How Rumsfeld Deserves to Be Remembered

https://www.theatlantic.com/ideas/archive/2021/06/how-donald-rumsfeld-deserves-be-remembered/619334/

In 2006, soon after I returned from my fifth reporting trip to Iraq for The New Yorker, a pair of top aides in the George W. Bush White House invited me to lunch to discuss the war. This was a first; until then, no one close to the president would talk to me, probably because my writing had not been friendly and the administration listened only to what it wanted to hear. But by 2006, even the Bush White House was beginning to grasp that Iraq was closer to all-out civil war than to anything that could be called “freedom.”

The two aides wanted to know what had gone wrong. They were particularly interested in my view of the secretary of defense, Donald Rumsfeld, and his role in the debacle.
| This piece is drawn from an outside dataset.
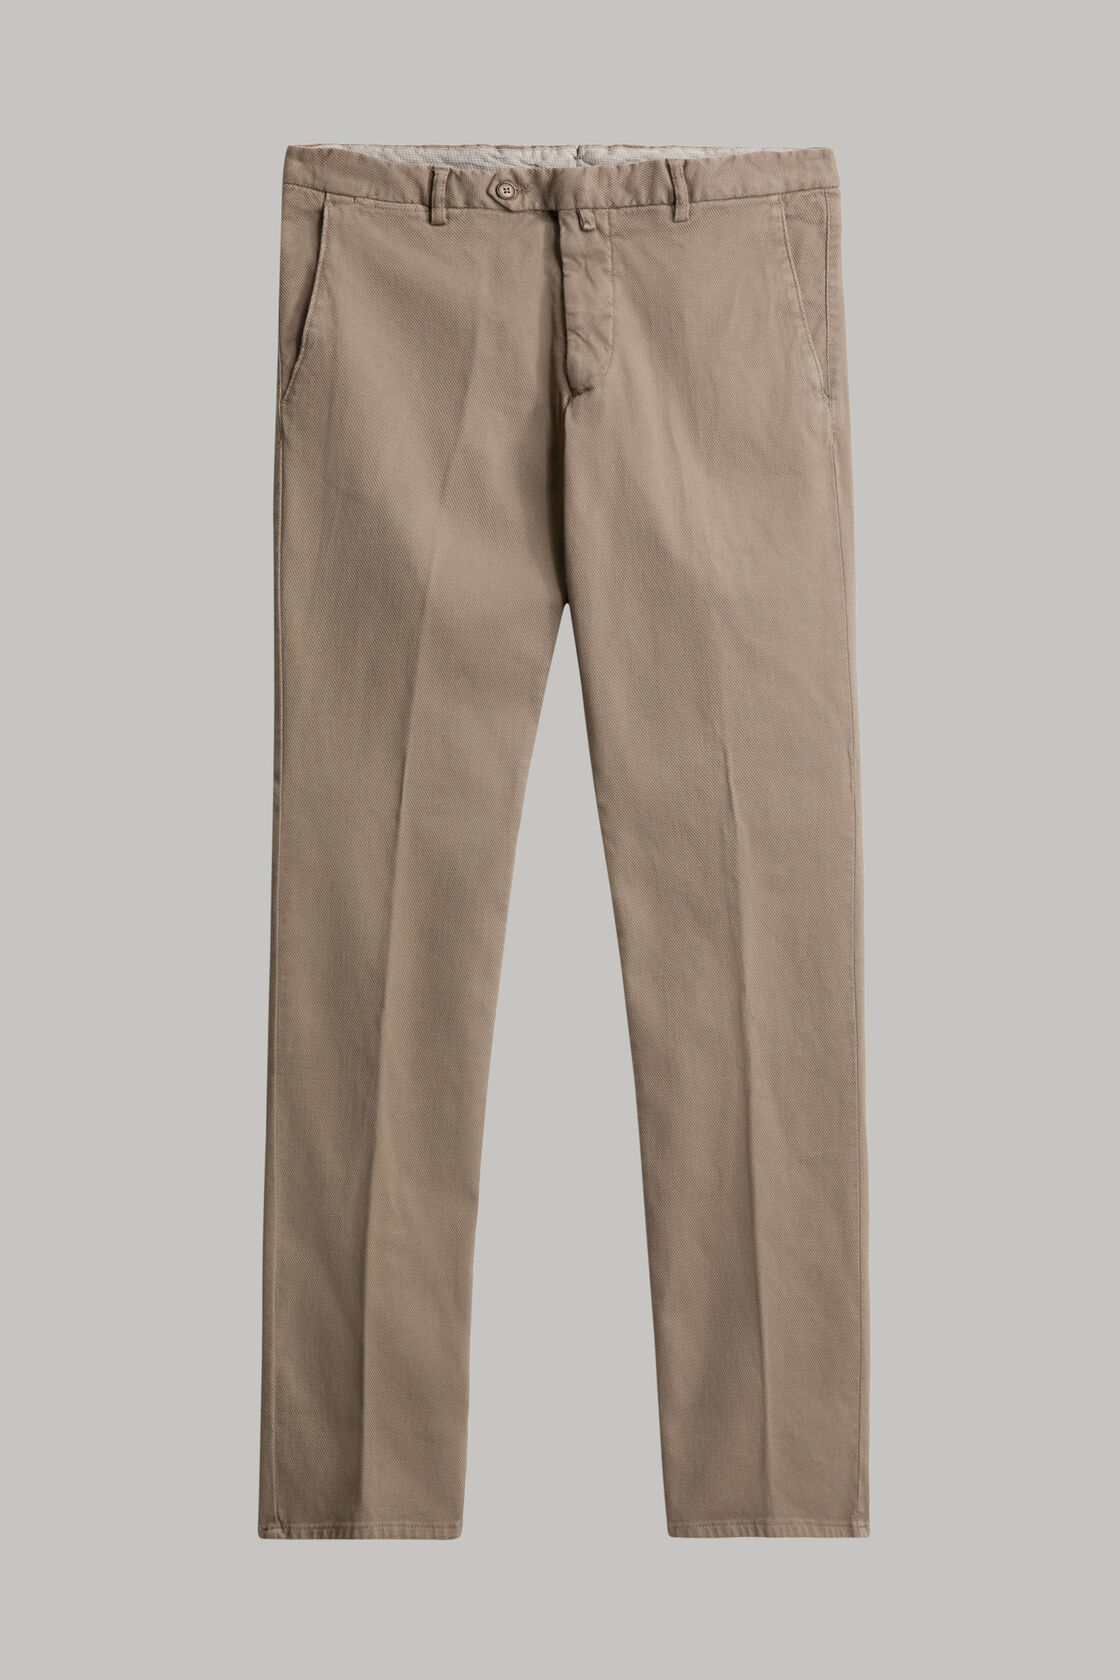 Pantaloni in cotone tencel elasticizzato slim fit, , hi-res

As I gave an assessment, their faces actually seemed to sag toward their salads, and I wondered whether the White House was so isolated from Iraqi reality that top aides never heard such things directly. Lunch ended with no explanation for why they’d invited me. But a few months later, when the Bush administration announced Rumsfeld’s retirement, I suspected that the aides had been gathering a case against him. They had been trying to push him out before it was too late.
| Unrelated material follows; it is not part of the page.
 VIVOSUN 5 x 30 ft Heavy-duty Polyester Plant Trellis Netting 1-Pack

Rumsfeld was the worst secretary of defense in American history. Being newly dead shouldn’t spare him this distinction. He was worse than the closest contender, Robert McNamara, and that is not a competition to judge lightly. McNamara’s folly was that of a whole generation of Cold Warriors who believed that Indochina was a vital front in the struggle against communism. His growing realization that the Vietnam War was an unwinnable waste made him more insightful than some of his peers; his decision to keep this realization from the American public made him an unforgivable coward. But Rumsfeld was the chief advocate of every disaster in the years after September 11. Wherever the United States government contemplated a wrong turn, Rumsfeld was there first with his hard smile—squinting, mocking the cautious, shoving his country deeper into a hole. His fatal judgment was equaled only by his absolute self-assurance. He lacked the courage to doubt himself. He lacked the wisdom to change his mind.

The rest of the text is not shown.